Regesha first joined the Right Sector ultranationalist battalion, but later split from the group and formed his own force that he commands to this day.
However, the groups have been dogged by controversy as fears grew that the battalions had become potential breeding grounds for far-right activists to receive military training.
The existence of the battalions served as part of Russian President Vladimir Putin's pretext for invading Ukraine in February in his quest to "de-Nazify" the country.
Regesha dismissed the accusations, saying he and his fighters are simply patriots.
"If Russians love their country, this is considered loving the motherland. And when a Ukrainian loves his own country, he is called a nationalist or even a Nazi," he said.

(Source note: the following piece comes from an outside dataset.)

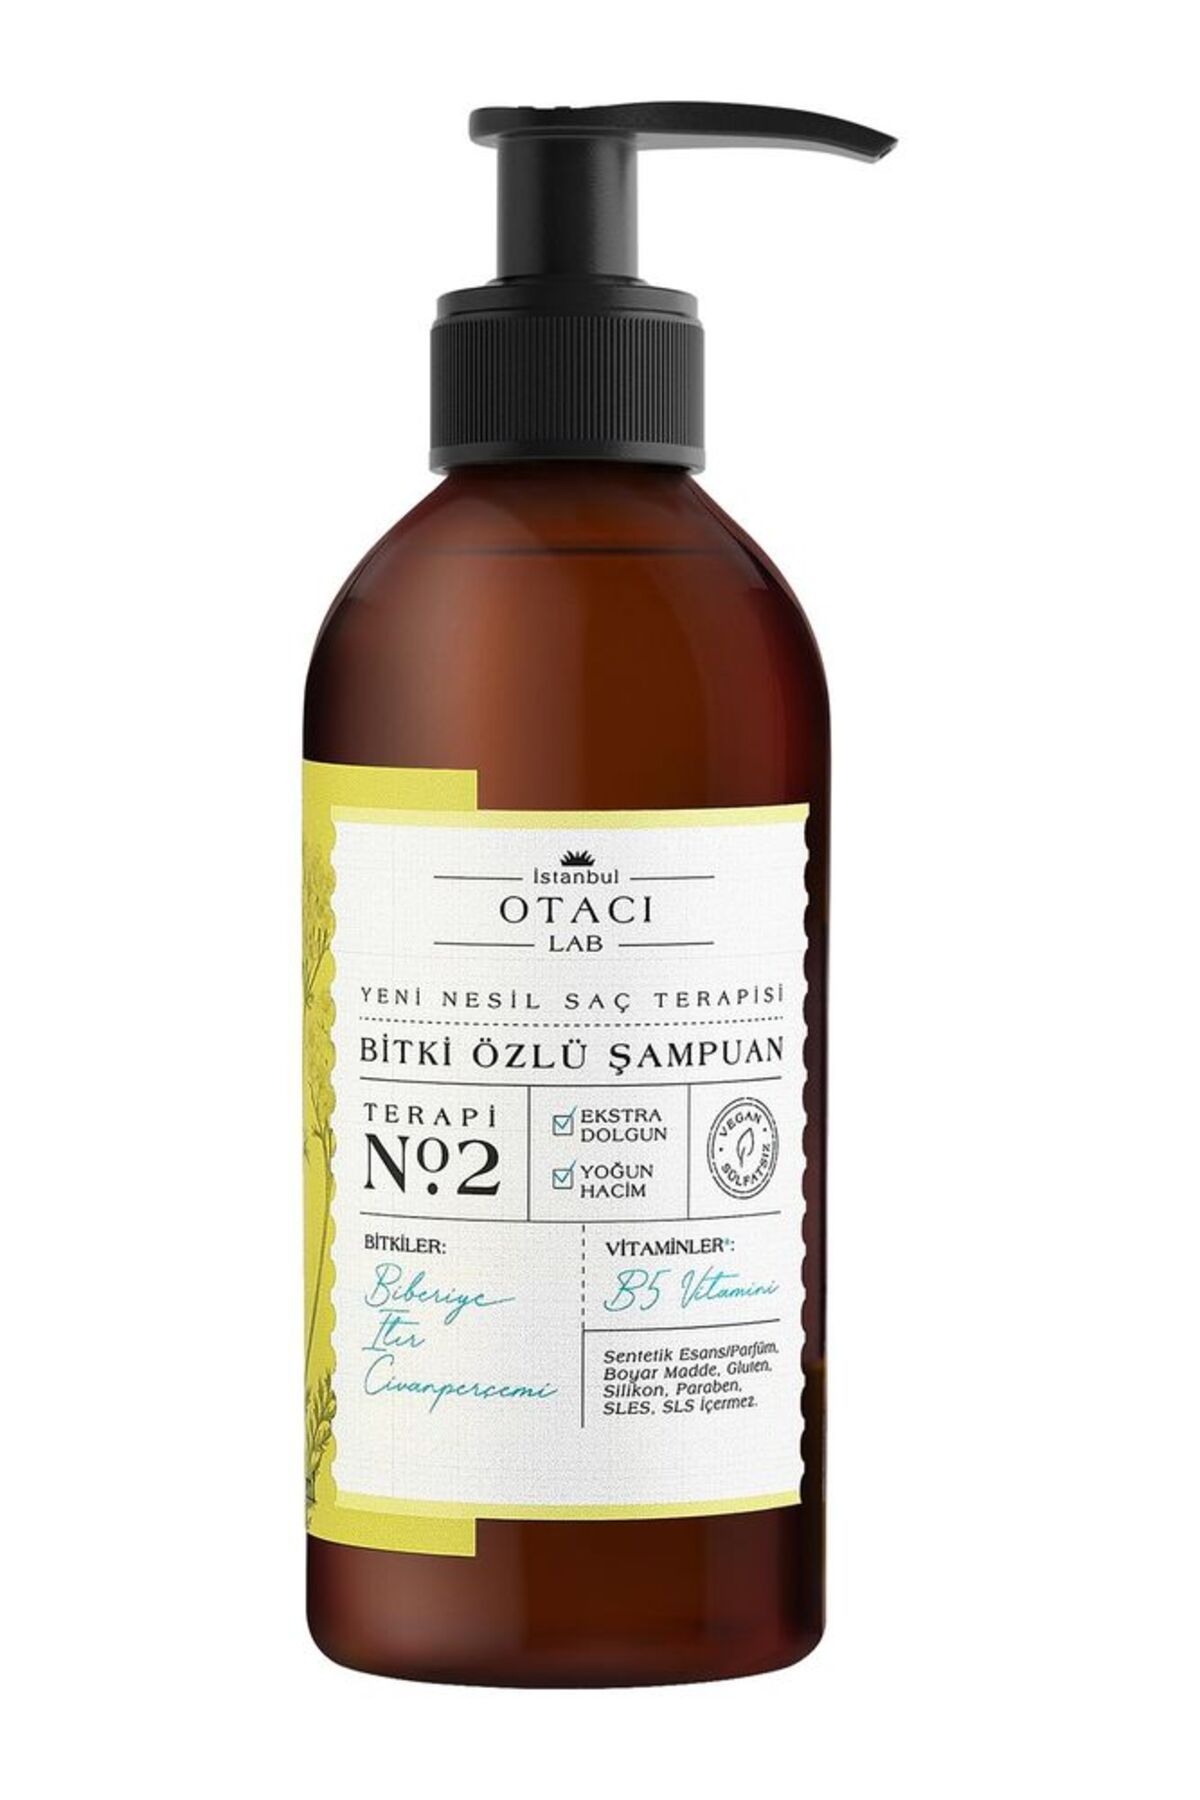 Otacı Lab Yeni Nesil Saç Terapisi Bitki Özlü Şampuan Terapi No:2

Lacking official enlistment standards, the militia over the years has attracted a motley crew of characters imbued with outlaw bravado -- including foreign nationals, amputees and the elderly.

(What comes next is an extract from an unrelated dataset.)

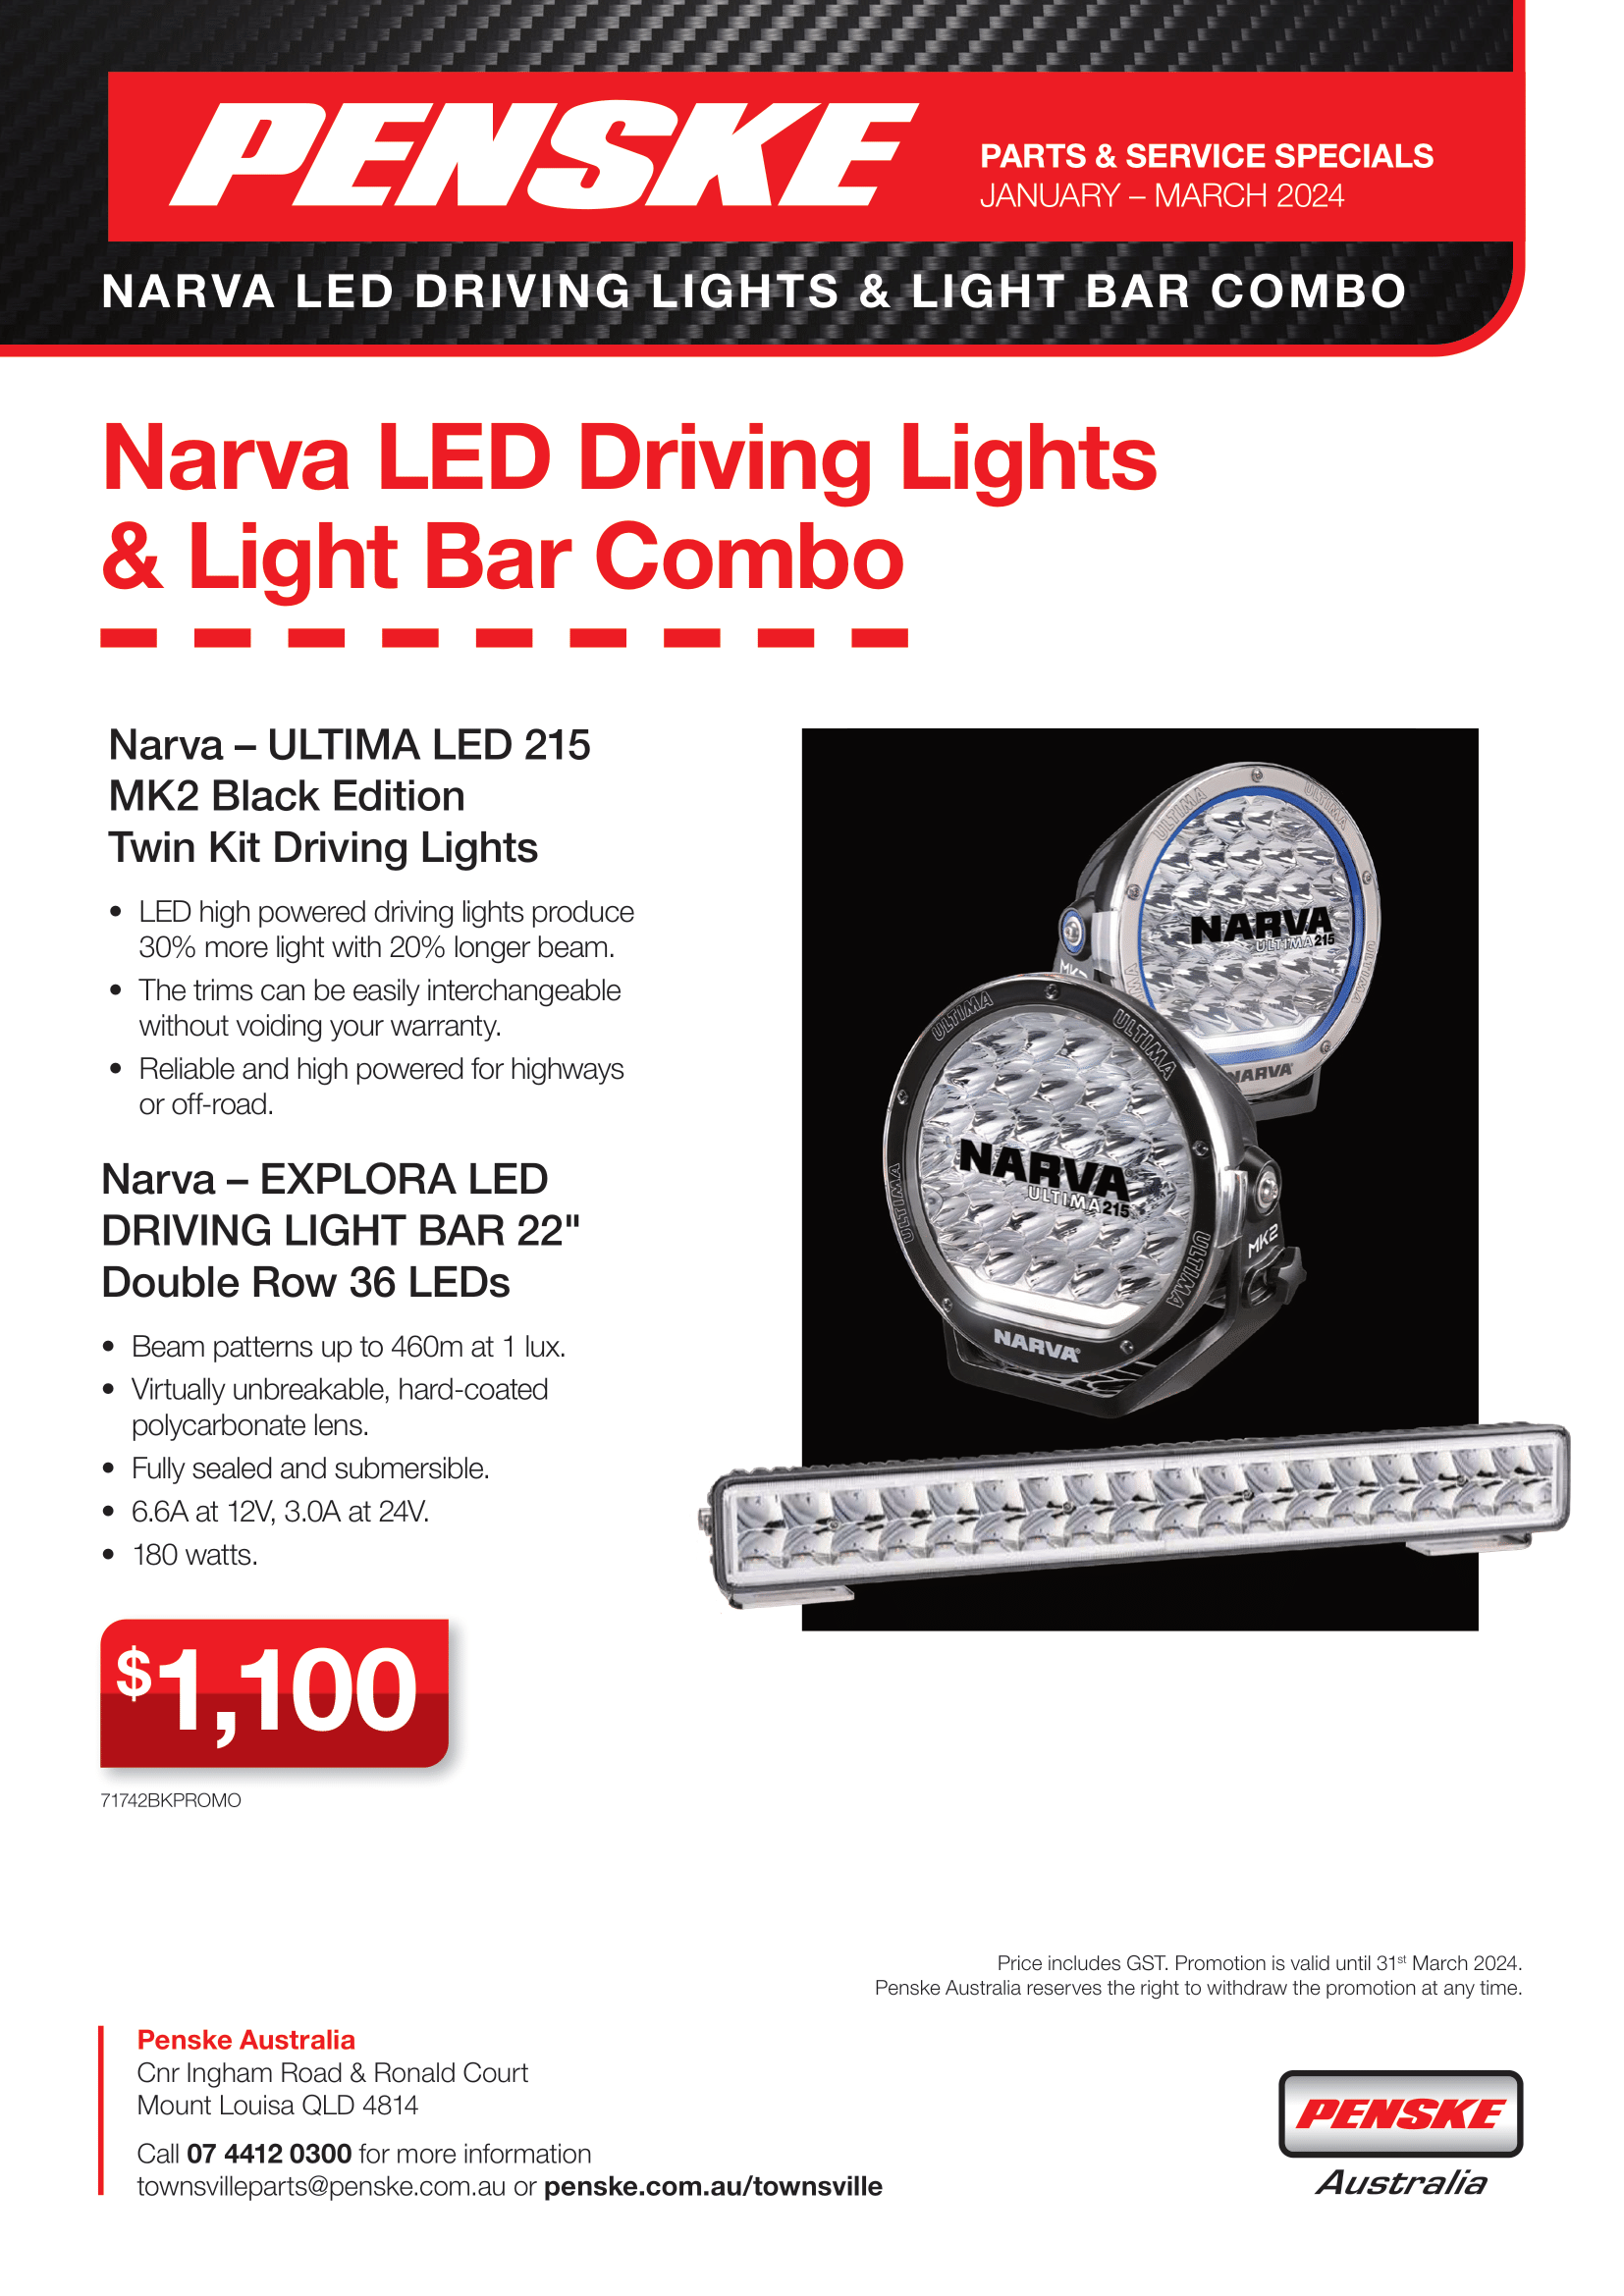 Narva LED Driving Lights Promotion

The commander however remains coy about the precise numbers in his group, only offering that he has "enough".
"I was not taken into the army, because I was already old," said a 71-year-old member of the group who goes by the call sign Grandpa. "That's why I joined the volunteer battalion."
While he remains formally outside of the military, Regesha said Ukraine's armed forces depend on his troops.
When the full-scale Russian invasion erupted, Regesha wanted to redeploy his fighters to defend Kyiv, but the military asked him to stay put in Donbas to help repel the Kremlin's thrust there.
"For eight years there has been war here. That's why there was no shock or panic. We were ready to punch them in the teeth," he insisted.
The arrangement is a Faustian bargain, he admitted, that allows them greater freedom in the field but also means they have more limited access to heavy weapons and much-needed ammunition.
"I'm not a man of the system," said Regesha, while pointing out that joining the chain of command comes with its own risks.
The Azov Regiment, a former volunteer battalion, came under the military's control in 2014. The group gained international notoriety in the early days of the war with their defiant last stand at a Soviet-era steel plant in Mariupol.
While their fierce resistance earned them widespread adoration in Ukraine, Regesha drew other lessons from the battle.
In May, the outnumbered and outgunned Azov fighters were ordered to surrender by the high command in Kyiv and fell into Russian hands.
In the months afterwards Azov captives began to trickle out in prisoner exchanges, with emancipated soldiers claiming they had been starved and tortured.
Regesha is sure that a similar fate, or perhaps worse, would await his group if they were to fall into Russia's hands.
"It is clear that we must not be captured, because it would be a long and painful death," he said.
"None of us can surrender... but God forbid if someday we have to make such a choice, we will fight until the very end."